Chapter 7 vs Chapter 13 Bankruptcy

by / ⠀ / March 12, 2024

Definition

Chapter 7 Bankruptcy, often referred to as ‘liquidation bankruptcy,’ involves selling off a debtor’s non-exempt assets to pay off creditors. On the other hand, Chapter 13 Bankruptcy, or ‘reorganization bankruptcy,’ allows debtors to create a plan to repay all or part of their debts over three to five years, without liquidation of personal assets. Both types offer a fresh financial start but differ in duration, income requirements, and how they affect a person’s credit score.

Key Takeaways

  1. Chapter 7 bankruptcy is sometimes referred to as “liquidation bankruptcy”. In this type, non-exempt assets could be sold to pay off unsecured debt. On the other hand, Chapter 13 bankruptcy is often referred to as “wage earners’ bankruptcy”. It allows the debtor to retain their assets and provides a plan to repay all or a portion of their debts over three to five years.
  2. In terms of eligibility, not everyone can qualify for Chapter 7 bankruptcy. it is means-tested, and debtors must have a monthly income lower than the median income of their state to qualify. Conversely, Chapter 13 bankruptcy isn’t means-tested, but it does require that debtors have a regular income, as they’ll be required to make monthly payments towards their debts.
  3. The impact on credit is another area where Chapter 7 and Chapter 13 bankruptcy differ appreciably. Chapter 7 bankruptcy remains on the debtor’s credit report for ten years, while Chapter 13 bankruptcy remains on the report for seven years. This makes Chapter 13 a somewhat less severe mark on one’s credit history.

Importance

The distinction between Chapter 7 and Chapter 13 bankruptcy is highly significant in finance due to the different implications each has for individuals facing financial distress.
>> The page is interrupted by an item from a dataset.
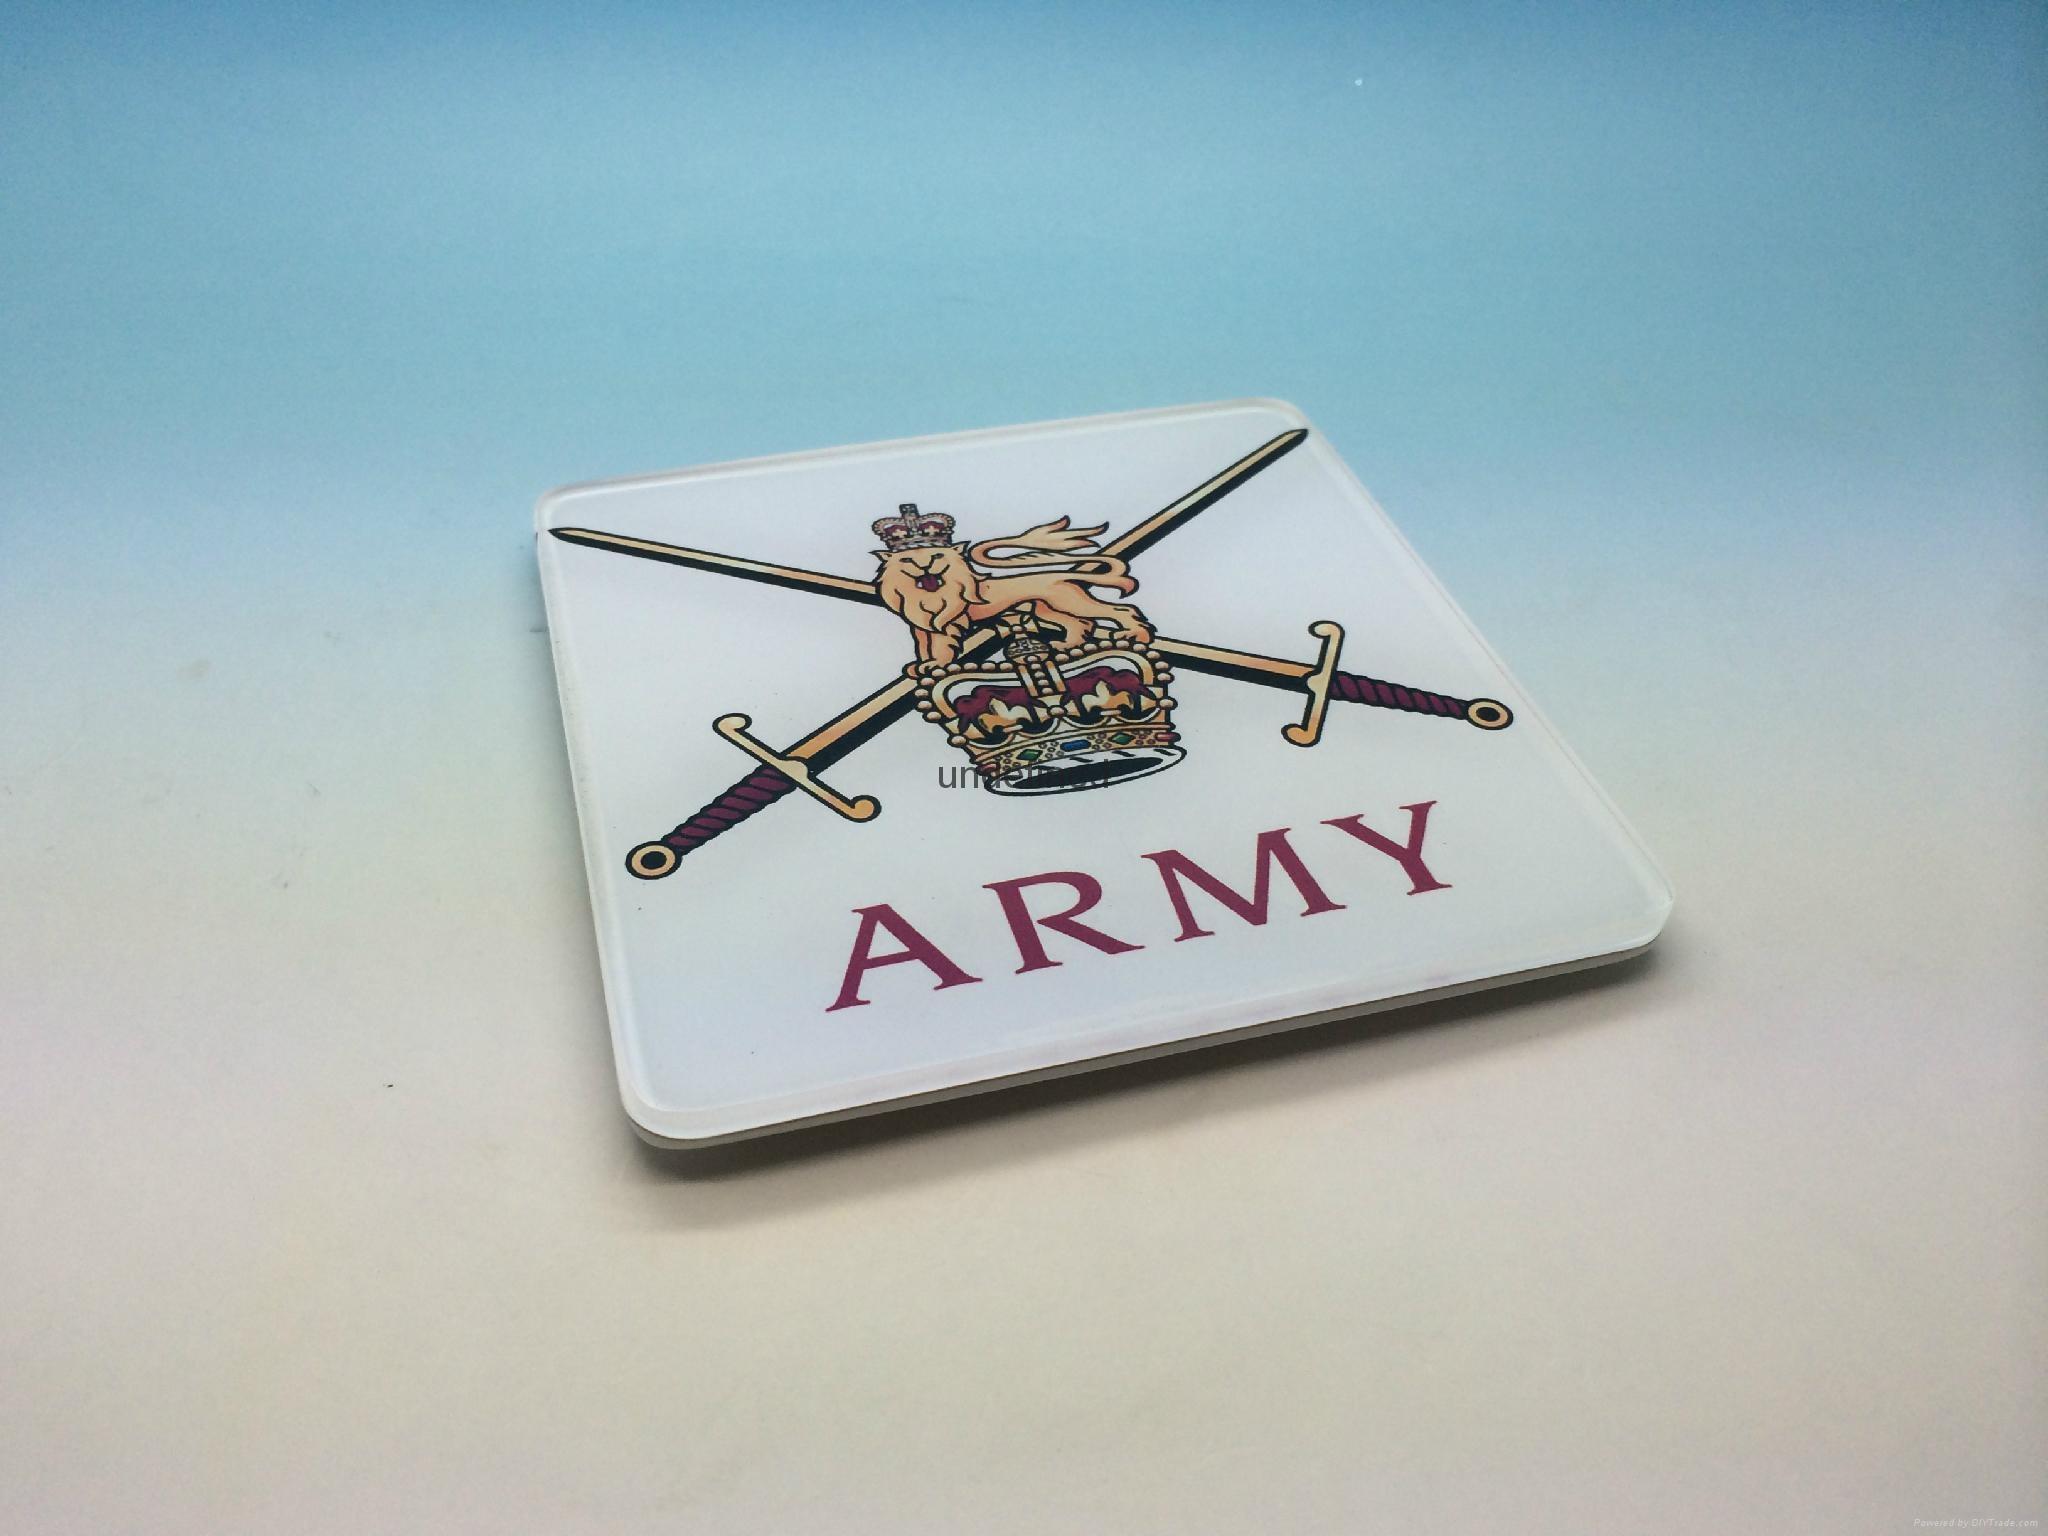 英国  杯垫-是英国  部队现任的完美礼物。军事杯垫,军队,退伍军人礼物,广告促销礼品,公司广告赠品-压克力杯垫
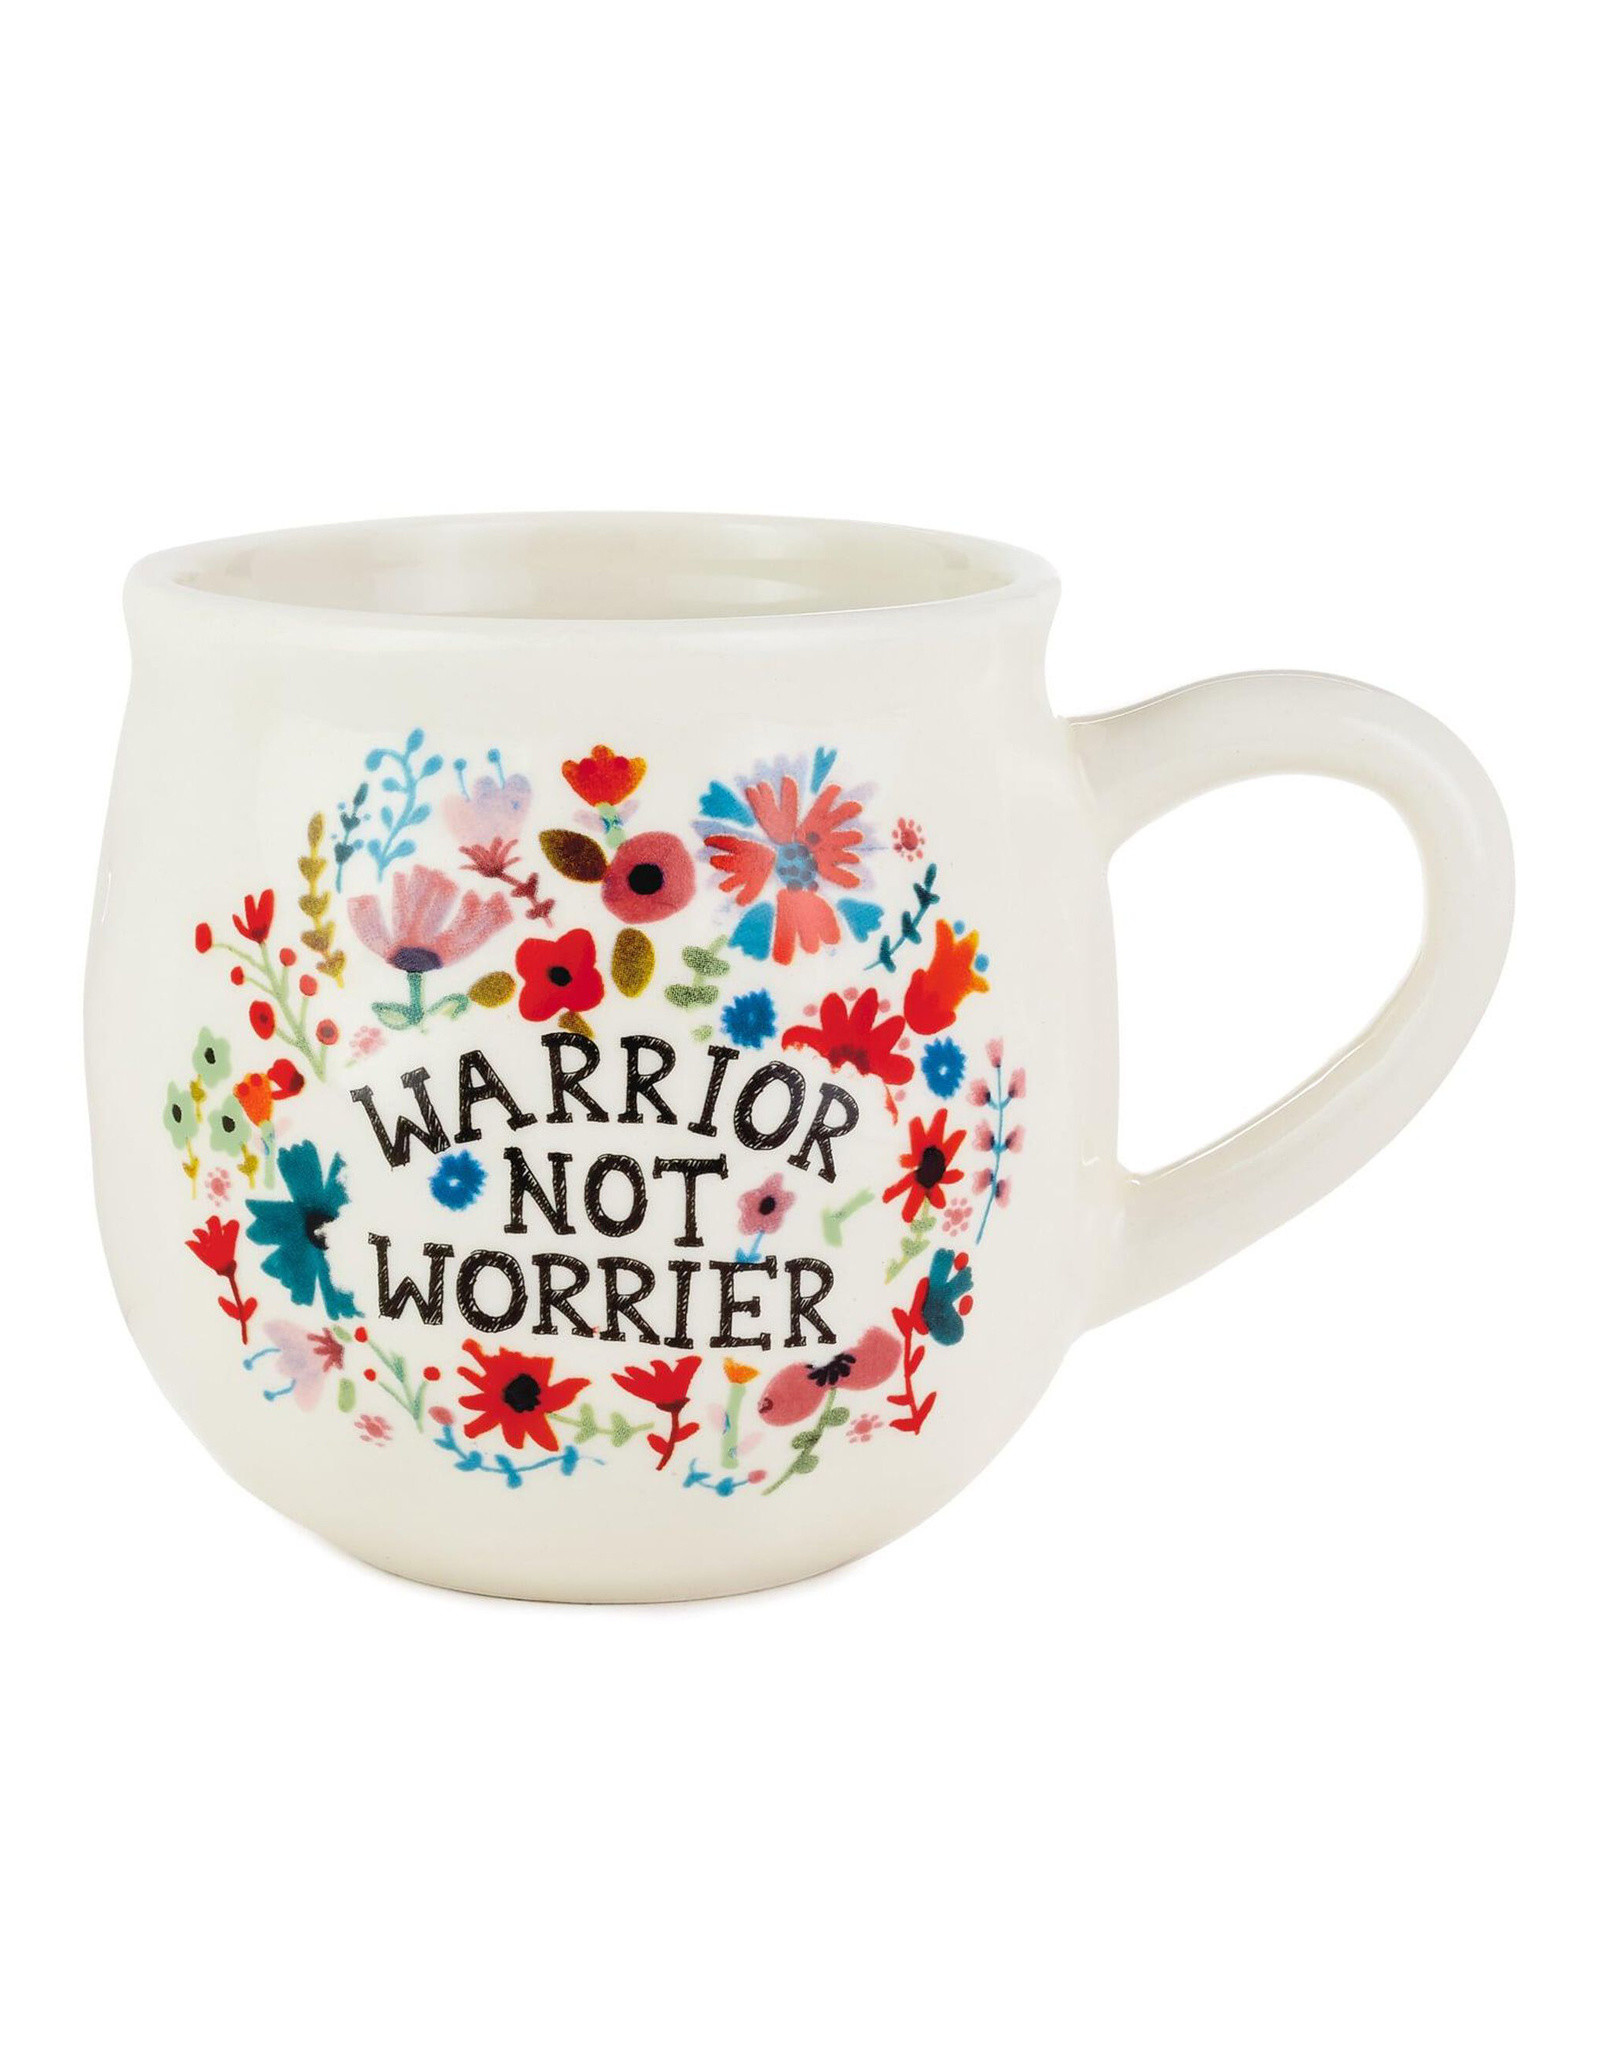 Warrior Not Worrier Mug

Chapter 7 bankruptcy, often referred to as “liquidation bankruptcy,” involves the discharge of unsecured debts such as credit cards and personal loans, but may also necessitate the sale of non-exempt property to repay creditors.

Chapter 13 bankruptcy, on the other hand, often referred to as “reorganization bankruptcy,” allows individuals to retain their property, and instead restructures their debt into more manageable repayments over a three to five year period.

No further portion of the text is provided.